Custom language modeling
Creating a custom language model improves overall accuracy and adds new words to the model dictionary that are specific to a customer's business.
"Light" language modeling requires 50-100 hours of recorded speech audio. This audio must be transcribed manually and combined with existing language resources to create a custom language model that is better attuned to a specific customer's calls.
Typically, fewer than two months are required for model creation once Voci receives recorded audio. The combined effort of audio collection and model creation is non-trivial, but once the model is deployed, transcription accuracy is improved with no negative impact on transcription speed.
Full custom language modeling
The same process used in light language modeling is applied in "Full" custom language modeling, but on a larger scale. "Full" language modeling requires a minimum of 300 hours of speech audio. Up to 25,000 hours of audio can be used to improve the outcome of the modeling effort. Three to four months are required for full custom language model creation, no matter how much audio in that range is submitted. The combined effort of audio collection and model creation is larger than light language modeling, but once the model is deployed there is a greater improvement in overall accuracy.

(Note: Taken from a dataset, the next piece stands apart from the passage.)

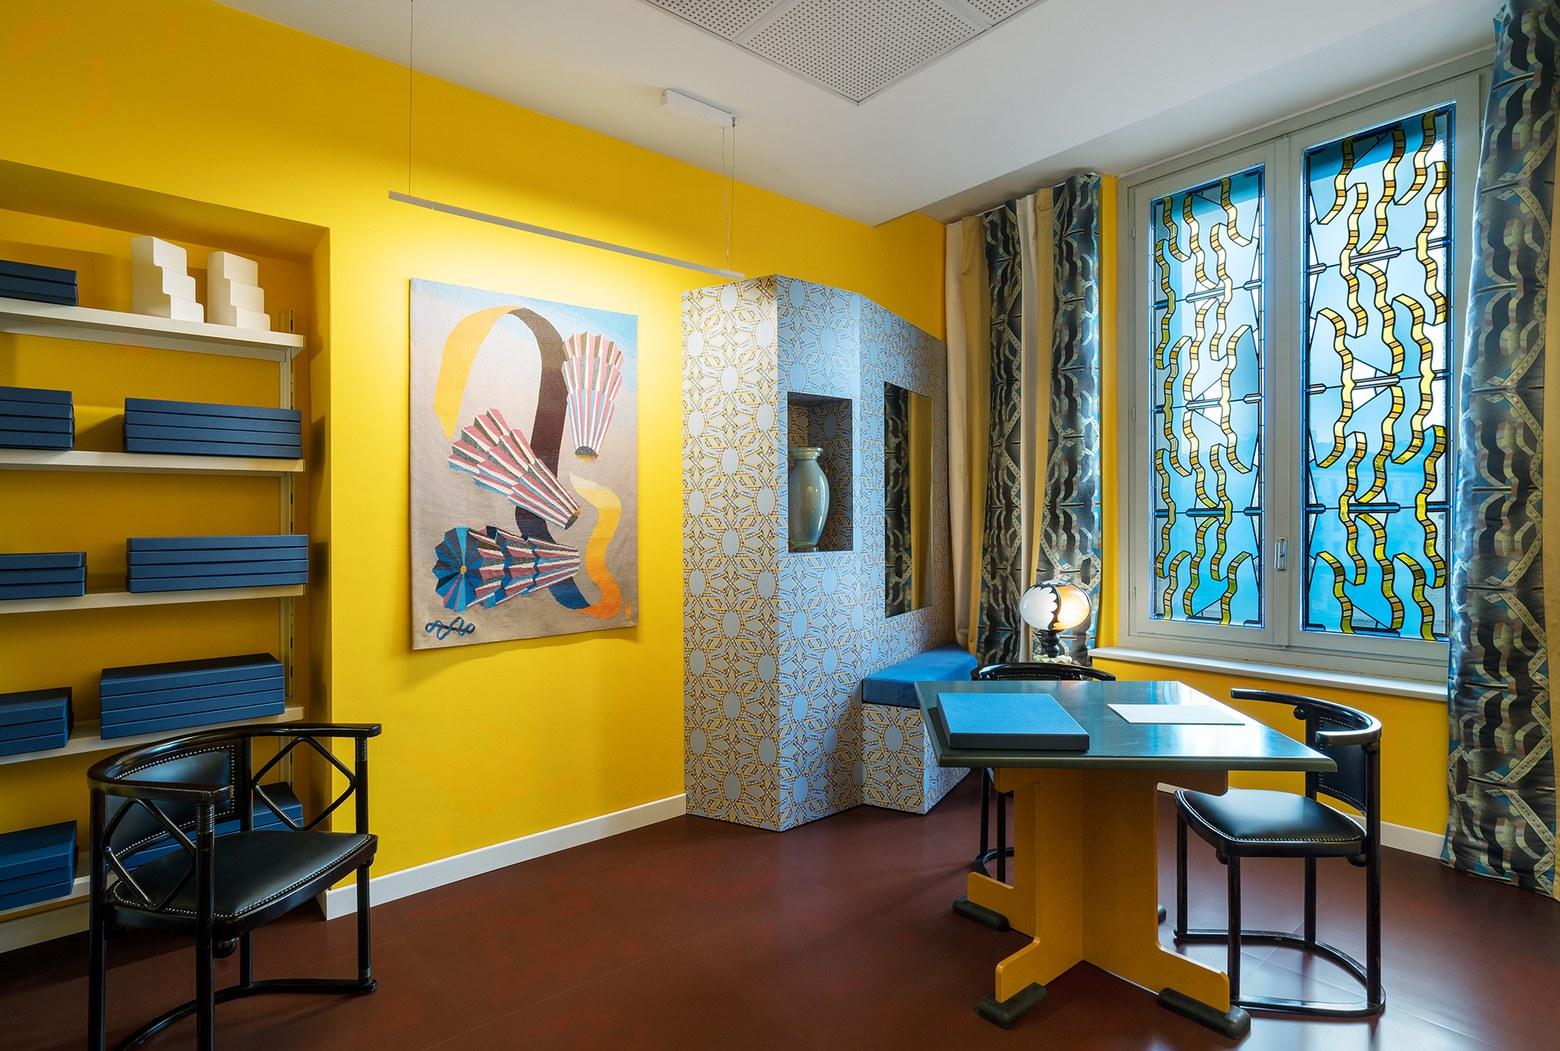 01-salone-del-mobile-vogue-italia-offices-interior-designs.jpg
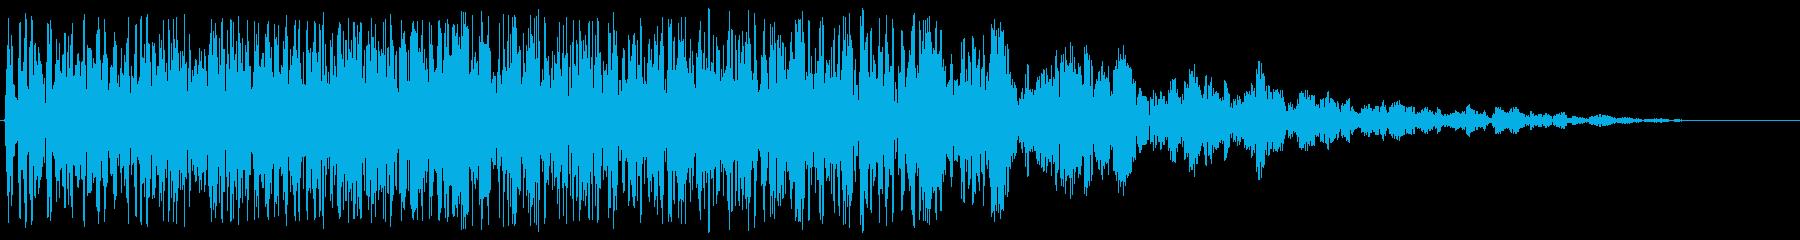 ブーン(プロペラ付き飛行物体の通過音)の再生済みの波形

Full custom language and acoustic modeling
In "Full" custom language and acoustic modeling, the same custom language modeling process is supplemented with the creation of a custom acoustic model that is specifically attuned to the customer's call acoustics. This dual process results in higher immunity from noise and better recognition of accents that occur commonly on the specific customer's calls. A minimum of 1000 hours of speech audio is required, and up to 25,000 hours can be used to create the models. Between 4 and 6 months are required for full custom language and acoustic model creation no matter how much audio in that range is submitted. This is the greatest amount of effort of all tuning options, but it provides the most accurate transcripts.